*** Block opens ***

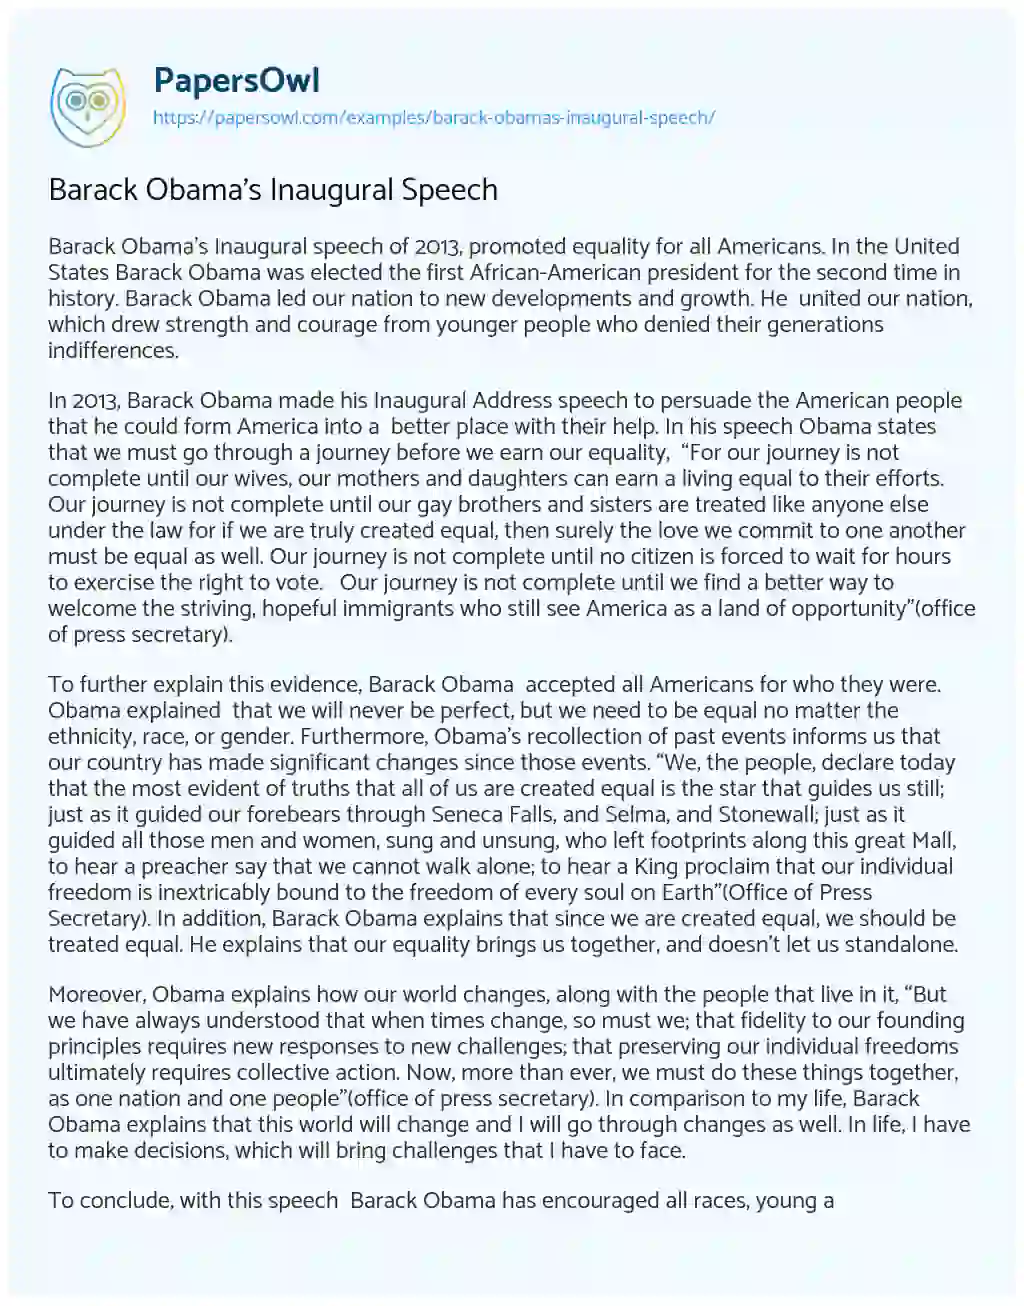 Essay on Barack Obama’s Inaugural Speech
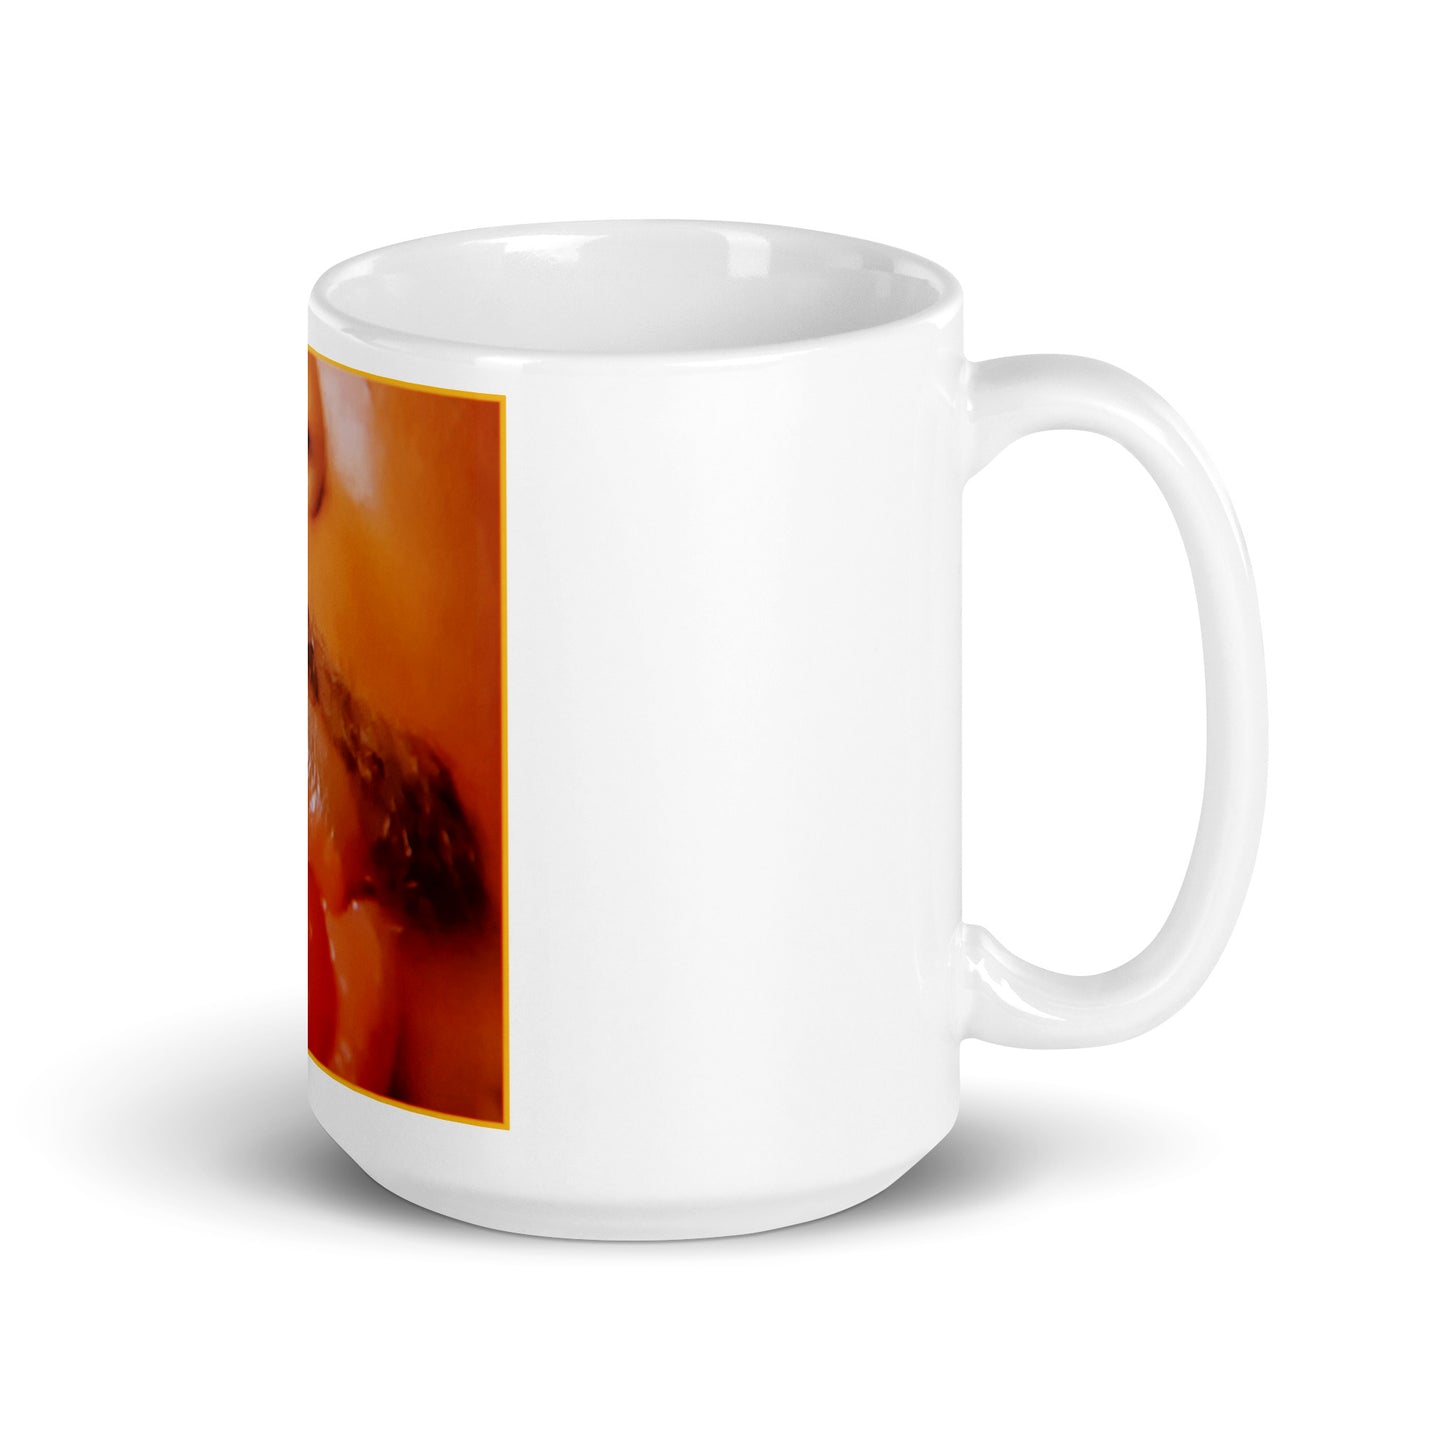 CARMINE DAVIS "I know..." - White glossy mug
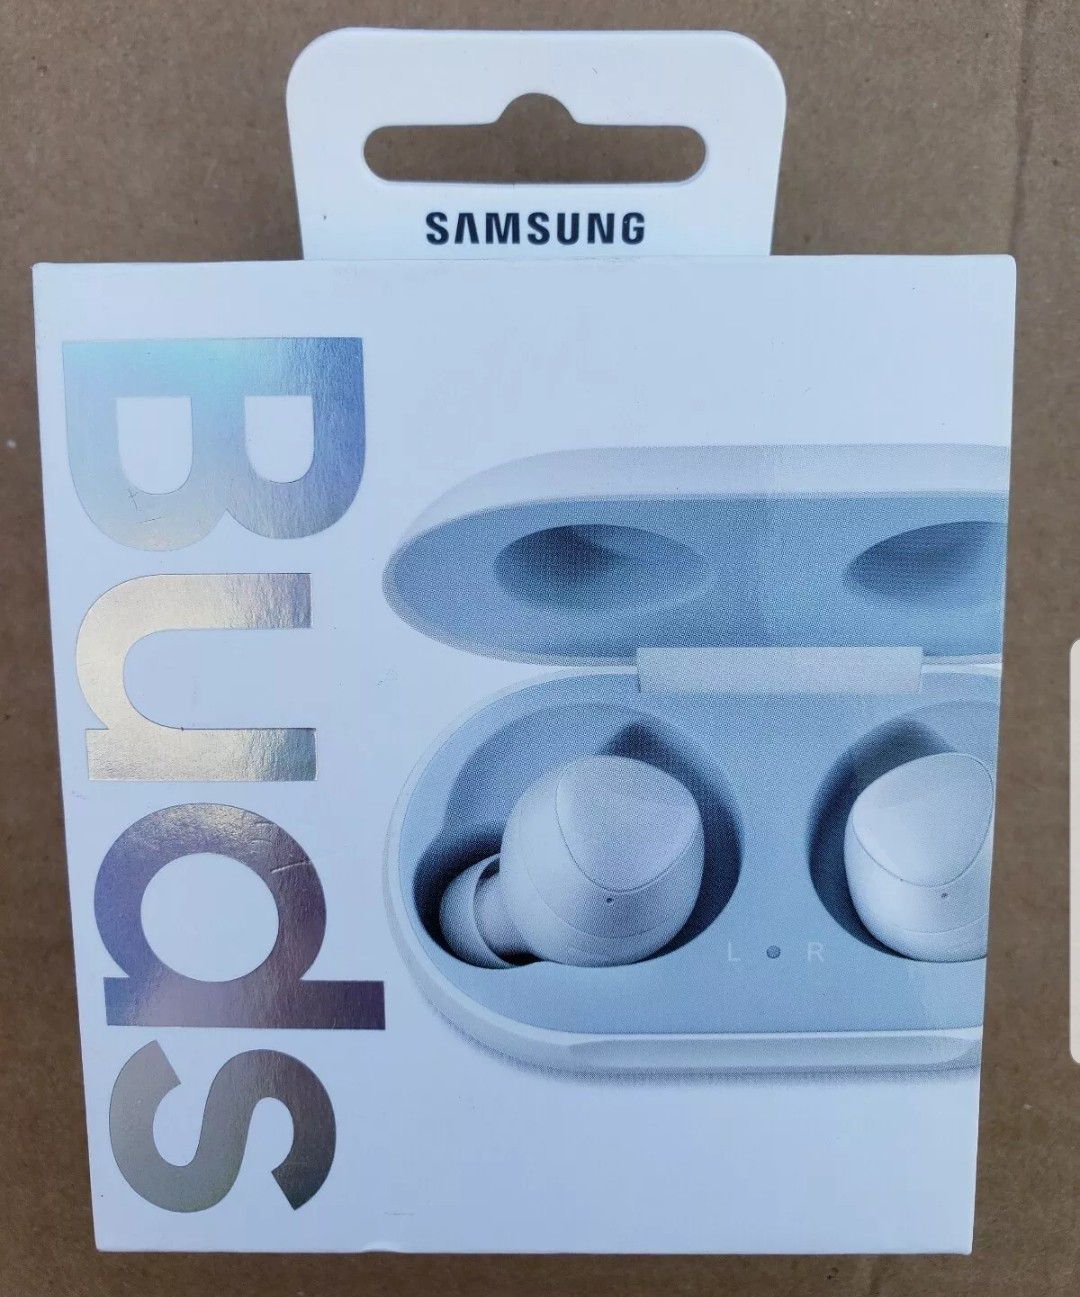 Samsung Galaxy Buds True Wireless Bluetooth Headphones 2019 - White
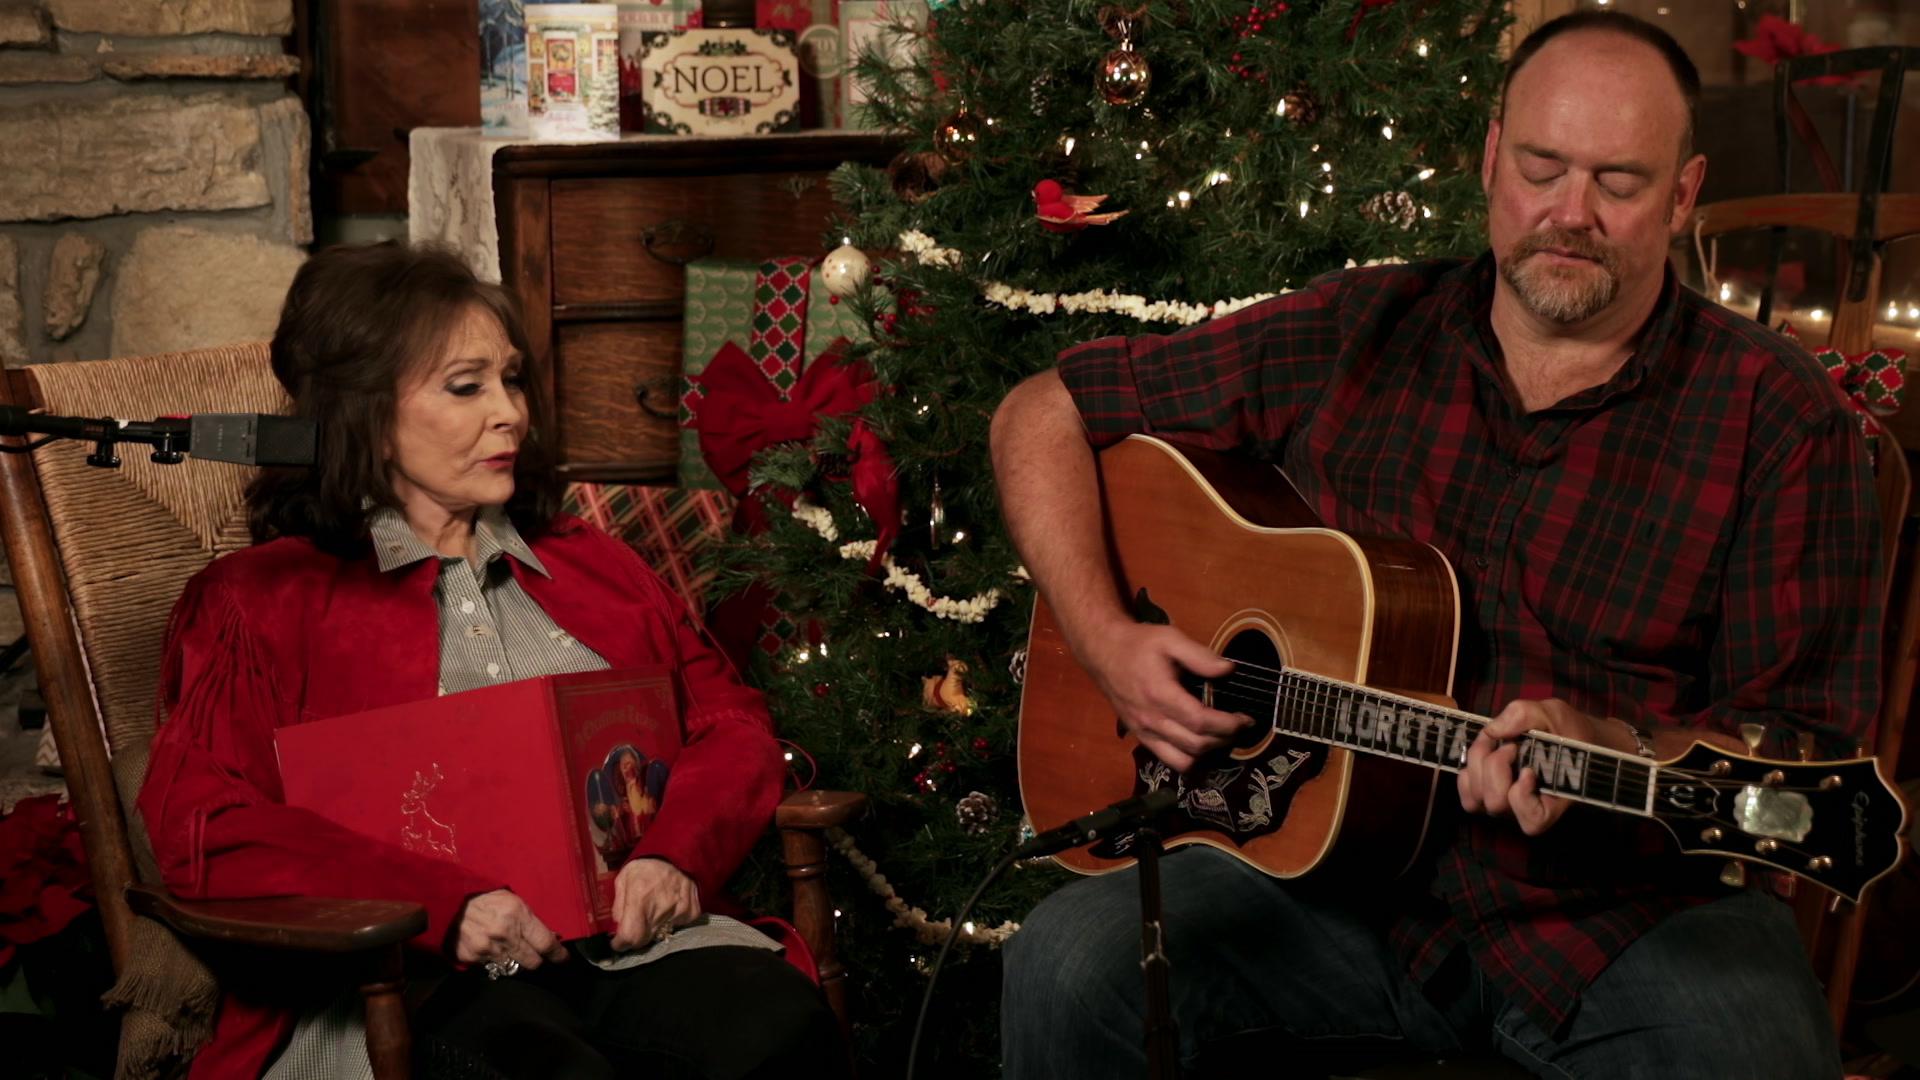 Loretta Lynn - Country Christmas (Official Music Video)

*** Block closes ***

» **WHAT TO WORK ON**
Before you return the listing, strip out its pictures; all else must match exactly.

» **SOLVED EXERCISE**
 Essay on Barack Obama’s Inaugural Speech
 CARMINE DAVIS "I know..." - White glossy mug
 Samsung Galaxy Buds True Wireless Bluetooth Headphones 2019 - White
 Loretta Lynn - Country Christmas (Official Music Video)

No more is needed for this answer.